--- HOW TO COMPLETE THIS TASK ---
A verbatim reproduction of the following listing is required; omit the pictures.

--- DATASET CONTENT ---
------

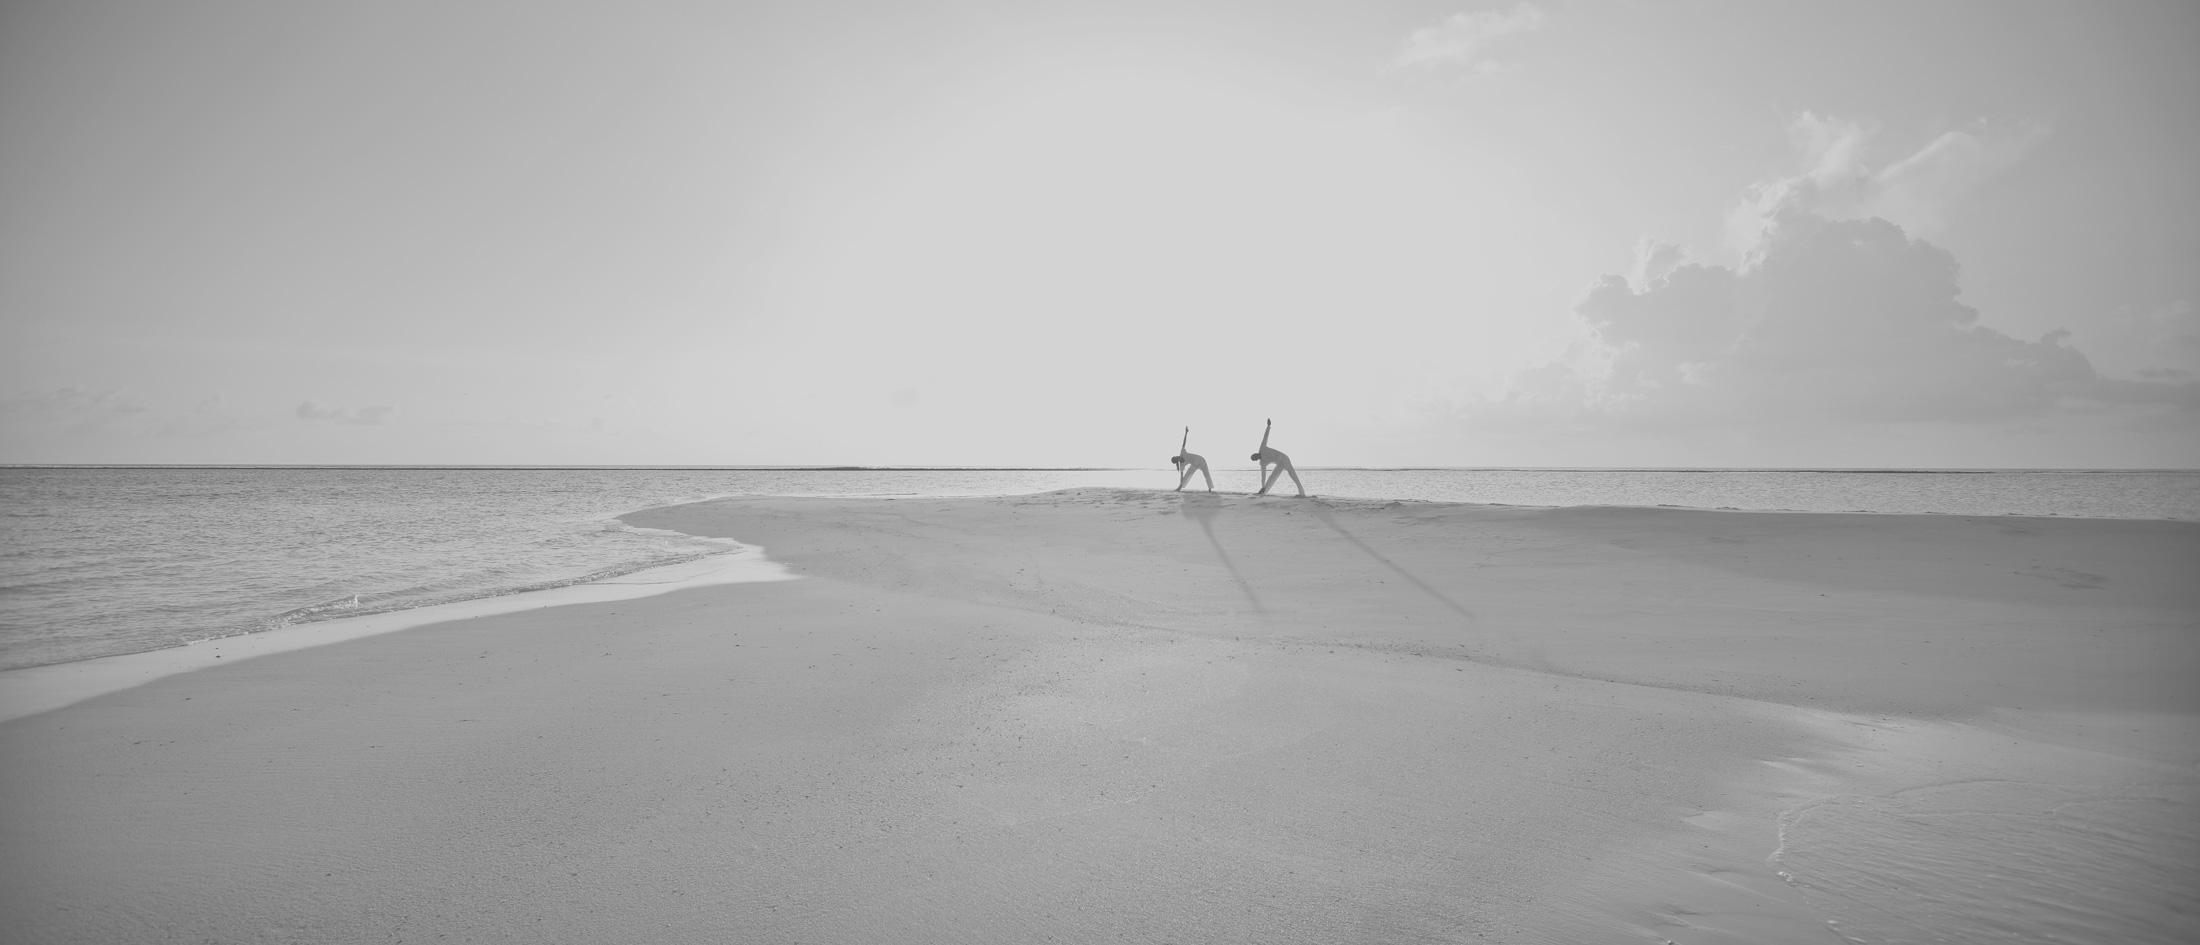 Zwei Menschen machen Yoga auf einer Sandbank im Soneva Jani
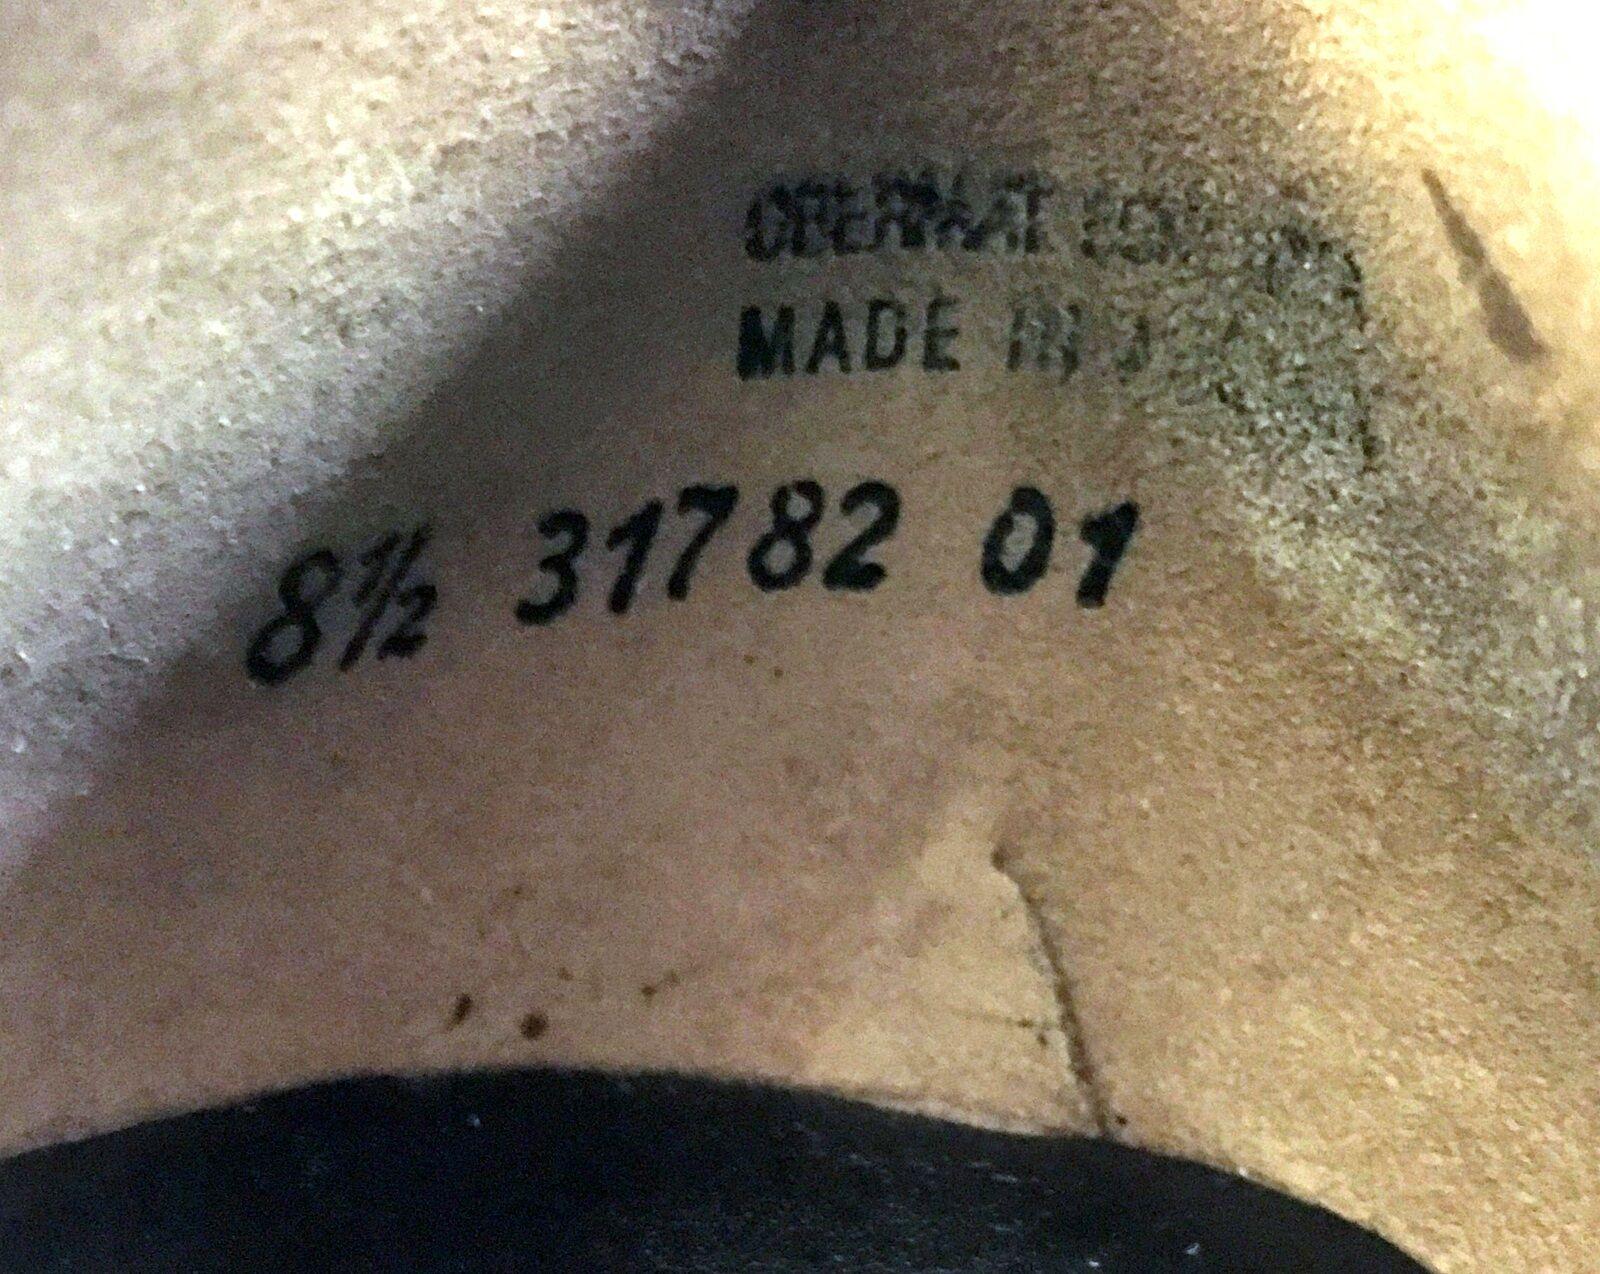 Paul Green Mary Jane Heels Braun Suede Pumps Damenschuhe Damenschuhe Damenschuhe Größe 10.5 (UK 8.5) 7d8d92
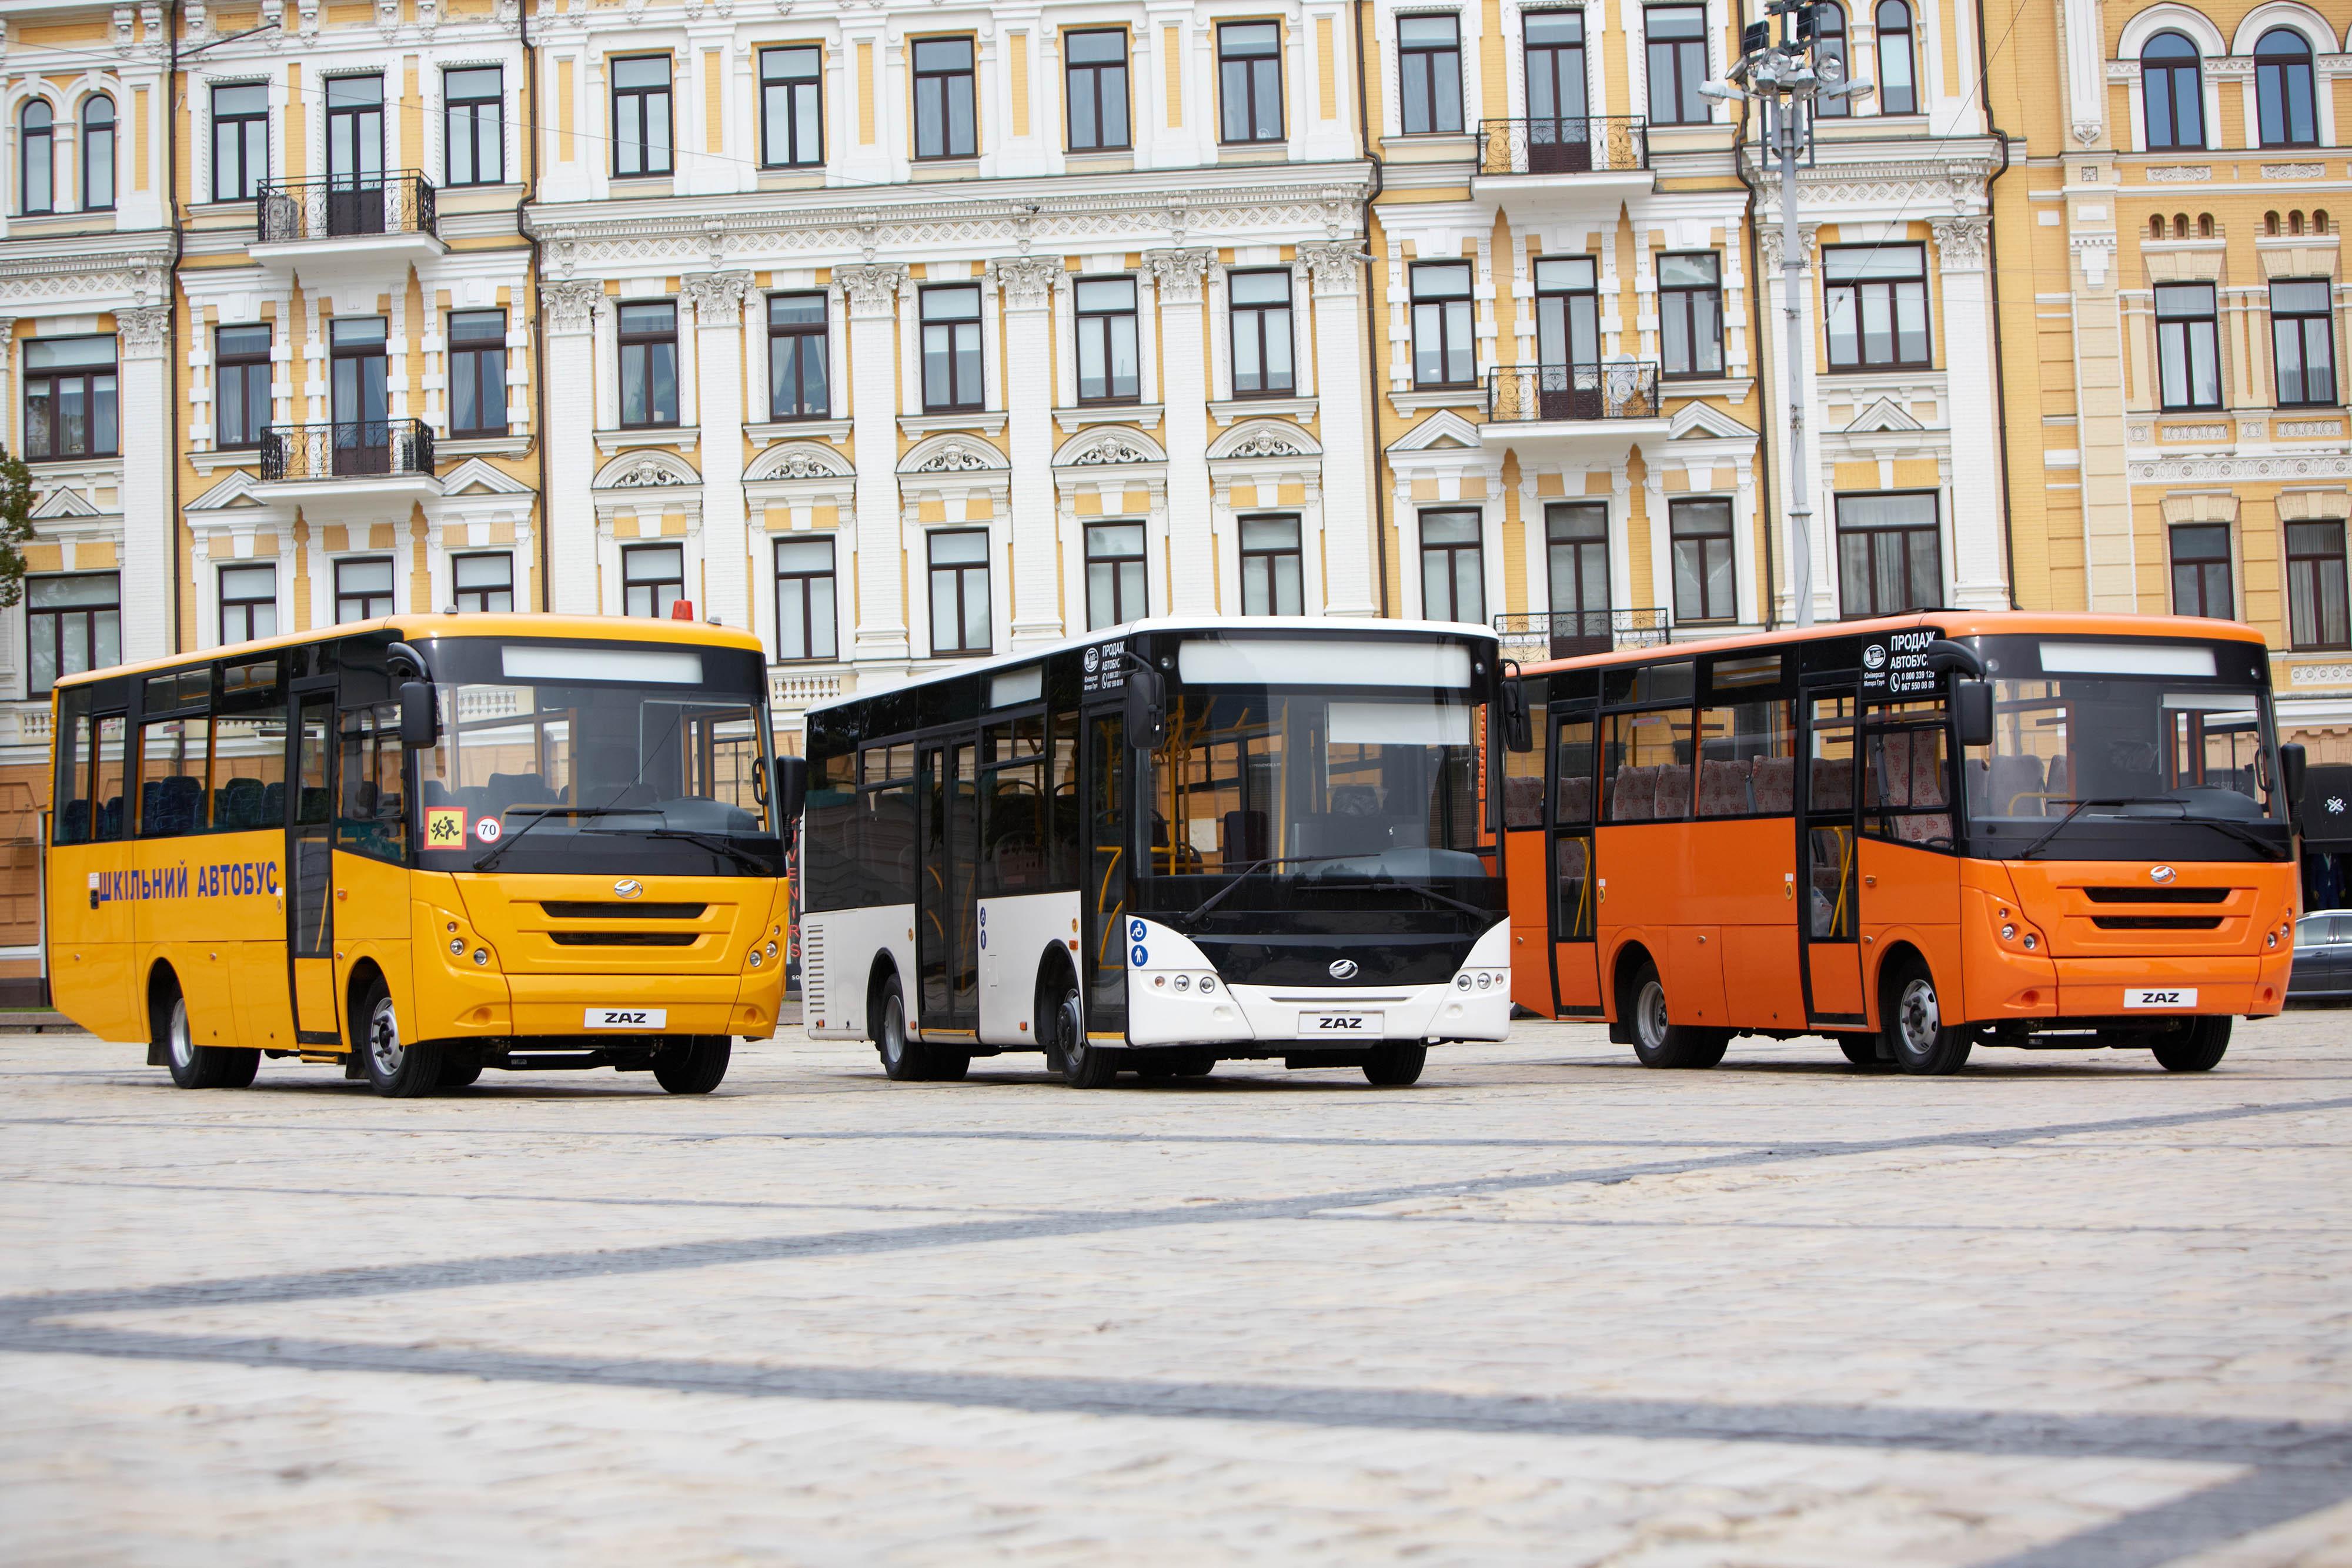 Єдиний е-квиток для транспорту: Маріуполь першим підключать до безготівкової оплати
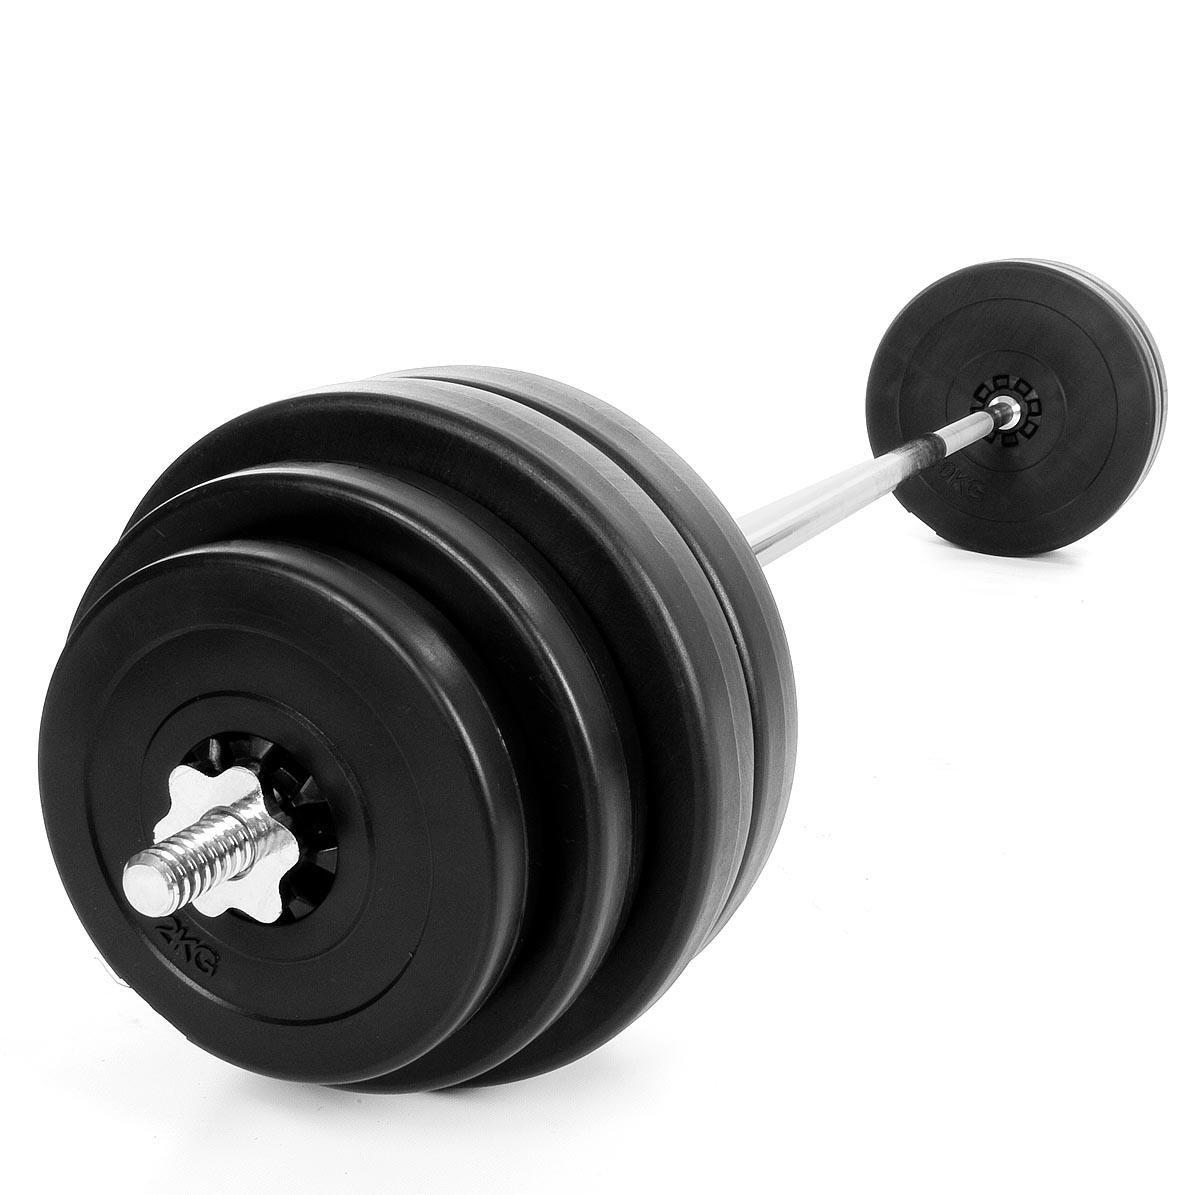 Kinetic Sports Langhantel Set 60 kg Hantel Gewichte Hantelscheiben (4 x 10 kg, 2 x 5 kg, 2 x 2 kg)

------

--- OUTPUT BELOW ---
 Zwei Menschen machen Yoga auf einer Sandbank im Soneva Jani
 Paul Green Mary Jane Heels Braun Suede Pumps Damenschuhe Damenschuhe Damenschuhe Größe 10.5 (UK 8.5) 7d8d92
 Єдиний е-квиток для транспорту: Маріуполь першим підключать до безготівкової оплати
 Kinetic Sports Langhantel Set 60 kg Hantel Gewichte Hantelscheiben (4 x 10 kg, 2 x 5 kg, 2 x 2 kg)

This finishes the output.